====== Supplied information ======

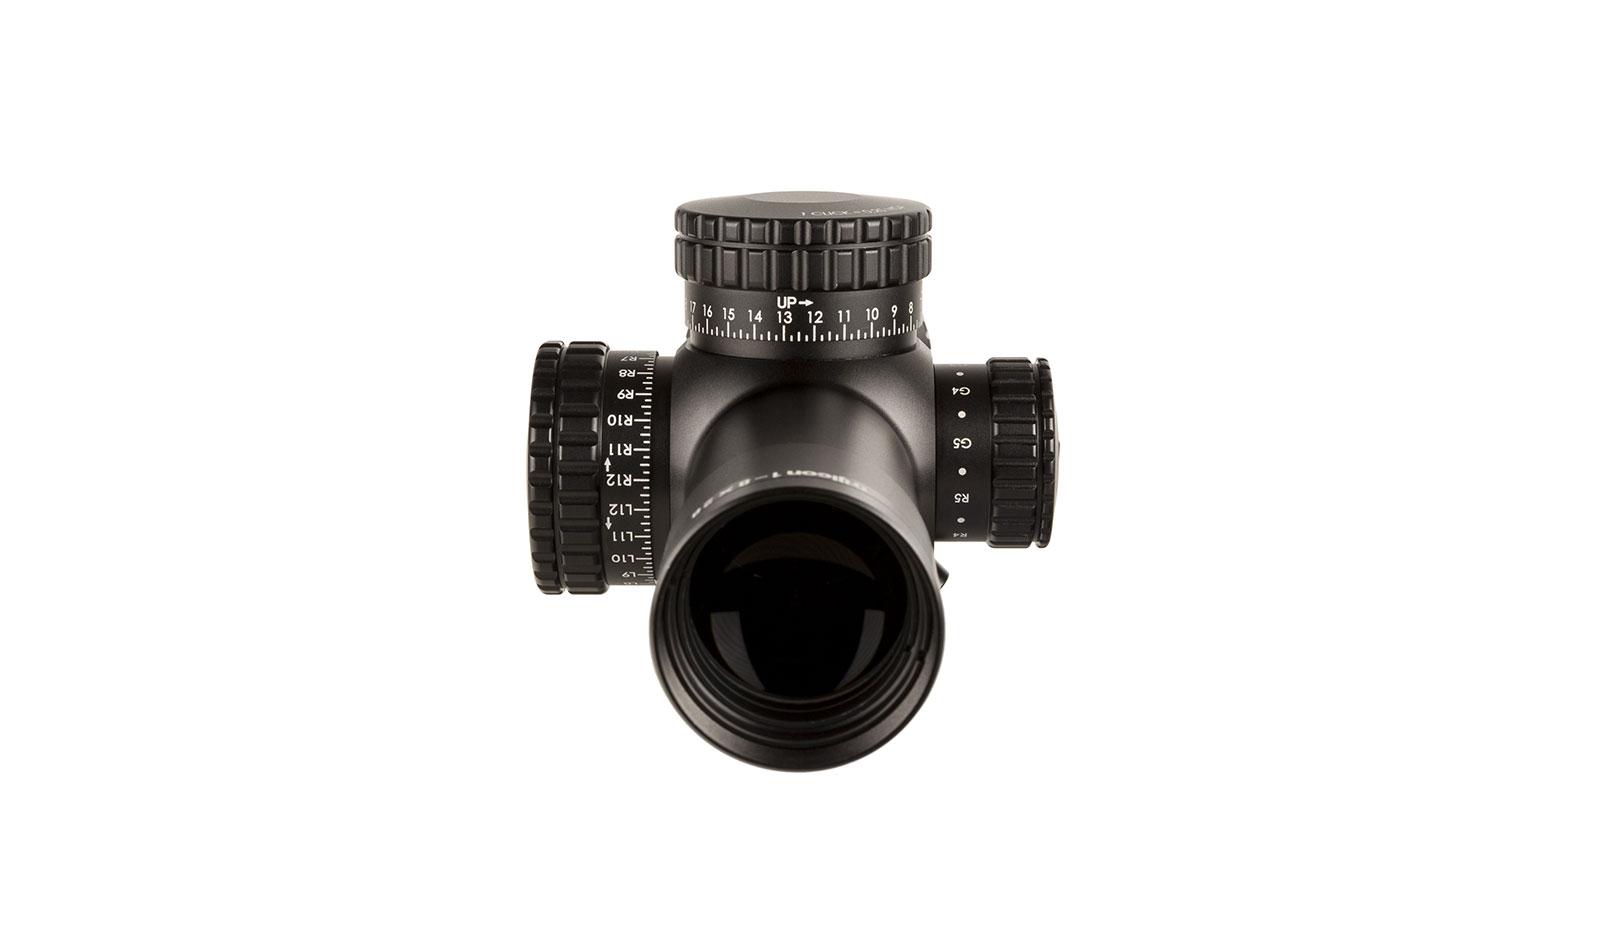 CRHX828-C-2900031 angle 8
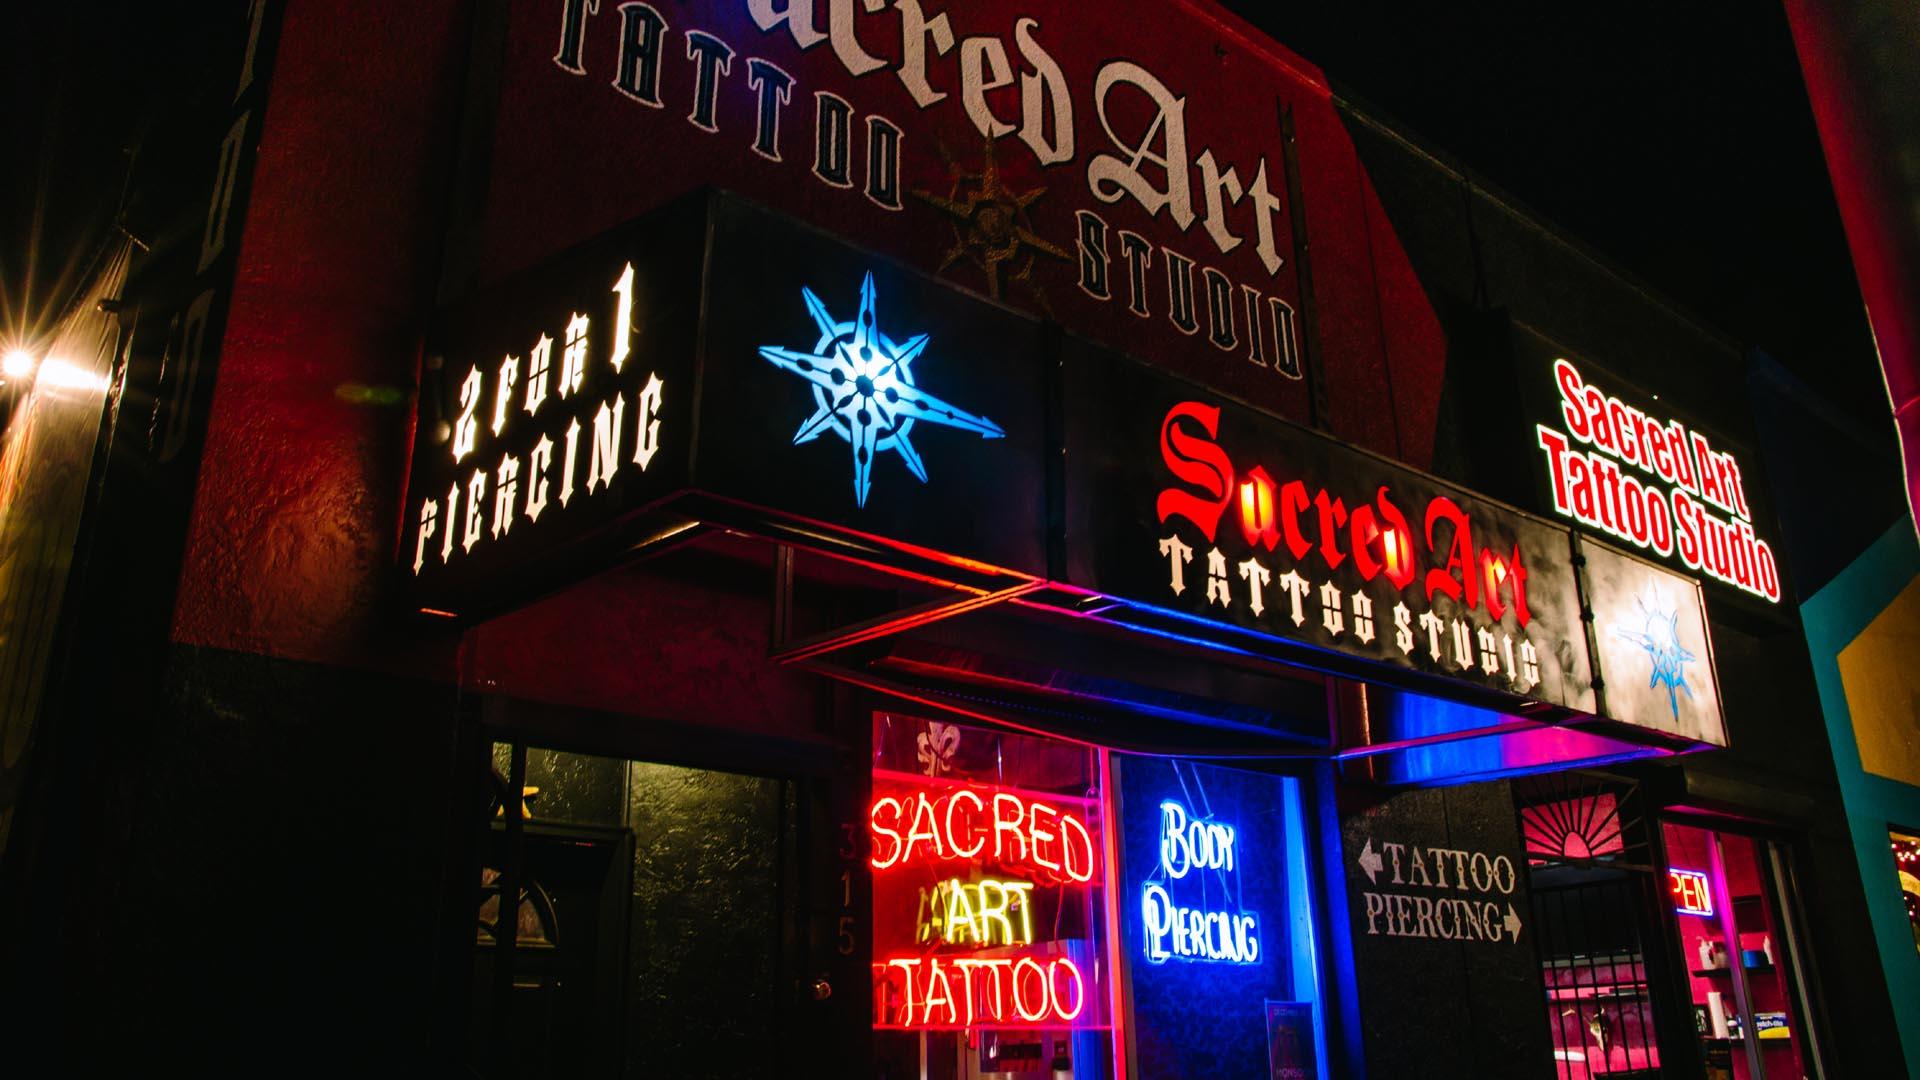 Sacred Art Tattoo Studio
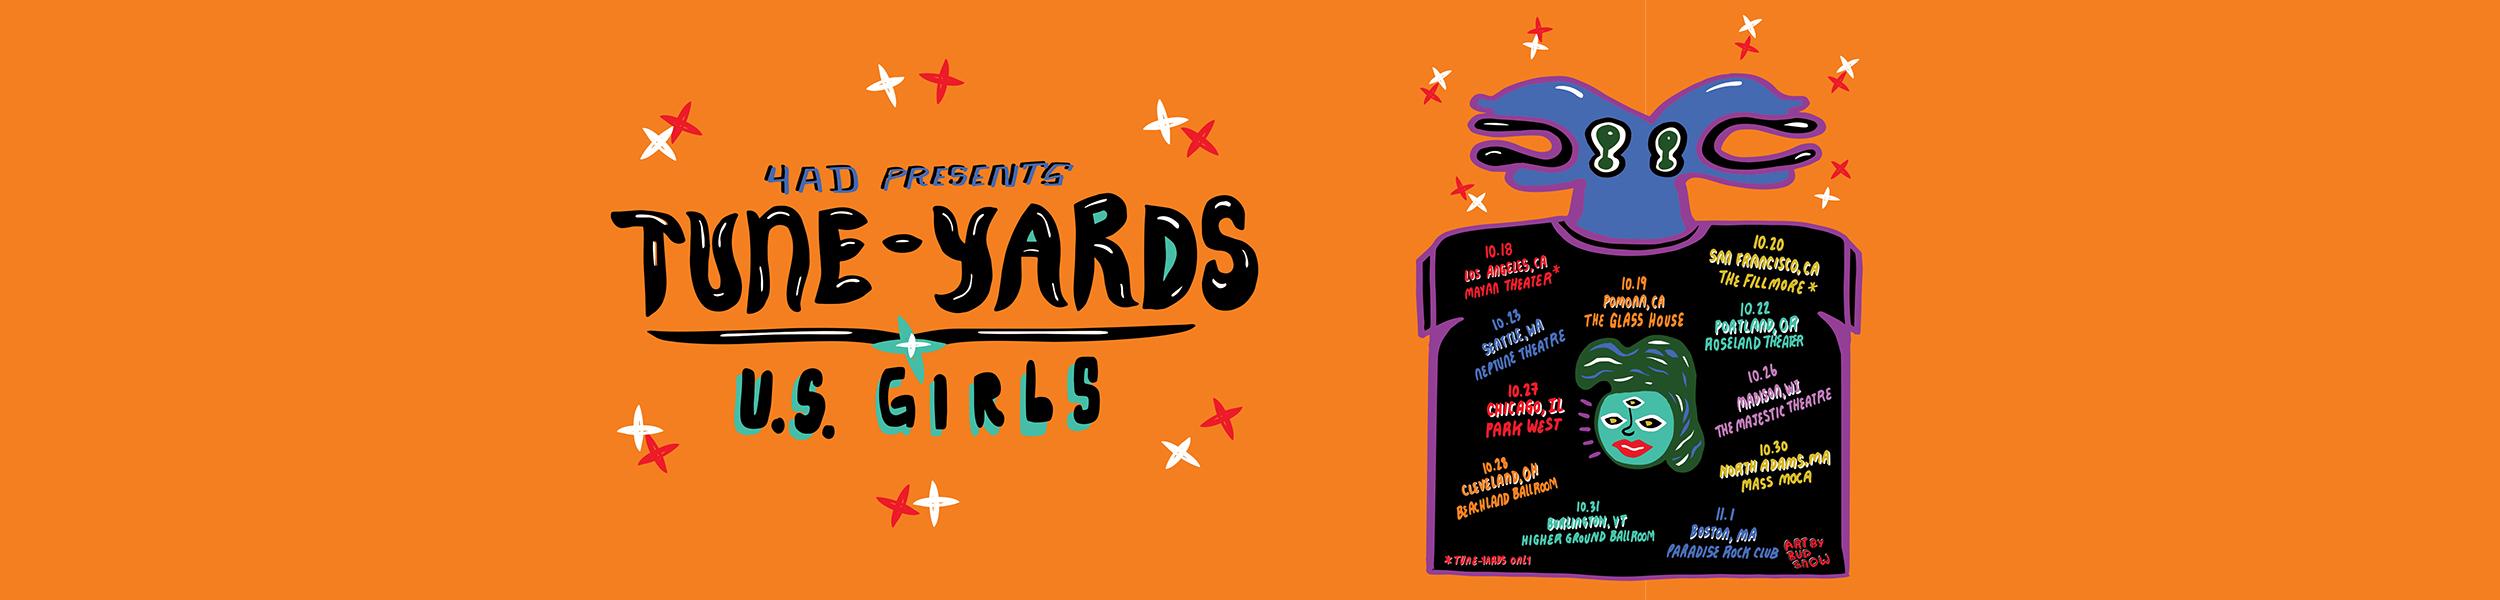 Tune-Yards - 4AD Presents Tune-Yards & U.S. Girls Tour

======

Leaving out all pictures, retype exactly the lines that run from the one containing "Sacred Art Tattoo Studio" through the last line of the material.

 Sacred Art Tattoo Studio
 Tune-Yards - 4AD Presents Tune-Yards & U.S. Girls Tour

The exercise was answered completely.